__Work item__:
What is the number of lines below that include the string "Favorite"? Provide that number alone.
[Available data]
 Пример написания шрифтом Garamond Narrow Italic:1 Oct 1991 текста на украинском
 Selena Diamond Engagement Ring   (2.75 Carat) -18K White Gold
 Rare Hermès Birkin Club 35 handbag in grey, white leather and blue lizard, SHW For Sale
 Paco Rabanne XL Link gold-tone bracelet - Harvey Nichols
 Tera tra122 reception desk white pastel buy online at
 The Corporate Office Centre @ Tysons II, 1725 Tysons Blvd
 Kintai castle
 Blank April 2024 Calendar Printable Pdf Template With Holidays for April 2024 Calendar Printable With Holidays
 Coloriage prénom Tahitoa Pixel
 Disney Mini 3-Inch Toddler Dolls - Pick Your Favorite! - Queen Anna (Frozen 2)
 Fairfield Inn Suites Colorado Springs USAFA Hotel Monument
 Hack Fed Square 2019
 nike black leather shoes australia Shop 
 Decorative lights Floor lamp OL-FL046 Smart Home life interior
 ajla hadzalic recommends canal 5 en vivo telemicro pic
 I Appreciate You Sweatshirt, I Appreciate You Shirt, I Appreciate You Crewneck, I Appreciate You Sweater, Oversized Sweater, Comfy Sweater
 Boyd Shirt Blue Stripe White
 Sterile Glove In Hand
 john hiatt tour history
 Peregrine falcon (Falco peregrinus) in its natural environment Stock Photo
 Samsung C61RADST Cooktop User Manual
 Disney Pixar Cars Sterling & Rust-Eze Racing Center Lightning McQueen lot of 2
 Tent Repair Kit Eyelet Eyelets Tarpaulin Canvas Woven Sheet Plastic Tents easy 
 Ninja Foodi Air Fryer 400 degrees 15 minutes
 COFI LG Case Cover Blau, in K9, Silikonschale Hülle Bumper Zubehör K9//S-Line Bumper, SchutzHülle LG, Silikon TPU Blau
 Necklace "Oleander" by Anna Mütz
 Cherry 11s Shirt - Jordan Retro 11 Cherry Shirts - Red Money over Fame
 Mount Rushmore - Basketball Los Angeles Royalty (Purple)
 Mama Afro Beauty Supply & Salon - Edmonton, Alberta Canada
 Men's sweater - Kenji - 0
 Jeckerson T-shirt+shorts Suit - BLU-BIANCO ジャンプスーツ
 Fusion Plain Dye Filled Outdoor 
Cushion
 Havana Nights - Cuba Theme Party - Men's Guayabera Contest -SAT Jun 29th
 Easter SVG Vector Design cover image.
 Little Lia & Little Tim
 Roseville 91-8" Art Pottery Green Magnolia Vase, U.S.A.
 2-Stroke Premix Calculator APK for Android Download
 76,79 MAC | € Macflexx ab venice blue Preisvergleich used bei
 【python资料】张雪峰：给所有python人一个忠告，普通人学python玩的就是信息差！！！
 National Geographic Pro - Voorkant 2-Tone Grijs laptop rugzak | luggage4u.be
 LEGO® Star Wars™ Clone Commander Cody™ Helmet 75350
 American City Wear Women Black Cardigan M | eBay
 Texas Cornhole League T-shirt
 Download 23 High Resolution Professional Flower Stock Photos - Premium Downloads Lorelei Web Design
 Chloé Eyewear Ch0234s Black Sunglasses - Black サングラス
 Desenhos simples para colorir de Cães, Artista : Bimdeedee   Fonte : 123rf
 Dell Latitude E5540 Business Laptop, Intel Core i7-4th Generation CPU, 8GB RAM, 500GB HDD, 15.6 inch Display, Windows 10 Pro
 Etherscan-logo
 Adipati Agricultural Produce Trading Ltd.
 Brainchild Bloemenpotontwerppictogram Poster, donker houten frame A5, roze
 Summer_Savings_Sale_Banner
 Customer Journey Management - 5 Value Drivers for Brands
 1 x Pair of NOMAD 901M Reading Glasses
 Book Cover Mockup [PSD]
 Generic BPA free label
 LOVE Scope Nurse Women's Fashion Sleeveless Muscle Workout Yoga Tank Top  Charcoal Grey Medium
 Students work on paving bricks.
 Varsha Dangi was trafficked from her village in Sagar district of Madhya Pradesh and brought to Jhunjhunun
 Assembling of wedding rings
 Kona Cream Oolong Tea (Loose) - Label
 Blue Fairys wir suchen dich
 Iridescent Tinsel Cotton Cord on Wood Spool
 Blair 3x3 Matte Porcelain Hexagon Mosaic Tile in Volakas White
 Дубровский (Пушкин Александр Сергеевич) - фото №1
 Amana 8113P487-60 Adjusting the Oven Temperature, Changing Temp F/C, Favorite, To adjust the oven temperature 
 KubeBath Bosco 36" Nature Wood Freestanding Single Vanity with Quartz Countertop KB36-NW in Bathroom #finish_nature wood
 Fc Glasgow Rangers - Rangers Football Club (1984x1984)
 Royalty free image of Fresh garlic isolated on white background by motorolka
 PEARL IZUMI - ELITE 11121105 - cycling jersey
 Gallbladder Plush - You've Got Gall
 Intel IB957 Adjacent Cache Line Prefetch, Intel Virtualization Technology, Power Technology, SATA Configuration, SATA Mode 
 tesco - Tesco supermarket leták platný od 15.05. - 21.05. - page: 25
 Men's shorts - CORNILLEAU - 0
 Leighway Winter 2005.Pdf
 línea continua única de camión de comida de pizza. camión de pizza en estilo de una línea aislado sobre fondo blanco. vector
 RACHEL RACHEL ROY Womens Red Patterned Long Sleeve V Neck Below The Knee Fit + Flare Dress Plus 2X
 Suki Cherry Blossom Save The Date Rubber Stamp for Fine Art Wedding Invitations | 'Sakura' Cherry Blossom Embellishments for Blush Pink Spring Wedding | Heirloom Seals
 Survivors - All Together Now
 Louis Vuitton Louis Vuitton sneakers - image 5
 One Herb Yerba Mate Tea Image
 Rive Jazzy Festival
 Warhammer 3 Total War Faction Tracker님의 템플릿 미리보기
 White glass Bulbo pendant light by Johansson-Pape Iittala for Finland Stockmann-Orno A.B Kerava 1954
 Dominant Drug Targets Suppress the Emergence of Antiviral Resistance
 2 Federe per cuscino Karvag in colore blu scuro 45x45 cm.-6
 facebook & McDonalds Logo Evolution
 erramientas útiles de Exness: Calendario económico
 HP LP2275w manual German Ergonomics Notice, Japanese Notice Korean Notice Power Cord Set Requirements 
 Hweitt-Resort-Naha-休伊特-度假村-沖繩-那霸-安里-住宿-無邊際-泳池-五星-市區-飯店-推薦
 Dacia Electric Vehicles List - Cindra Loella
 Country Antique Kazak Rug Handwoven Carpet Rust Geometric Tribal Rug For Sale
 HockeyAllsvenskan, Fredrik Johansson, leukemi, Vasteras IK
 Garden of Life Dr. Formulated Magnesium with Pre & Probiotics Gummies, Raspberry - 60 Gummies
[/Available data]
__Written answer__:
2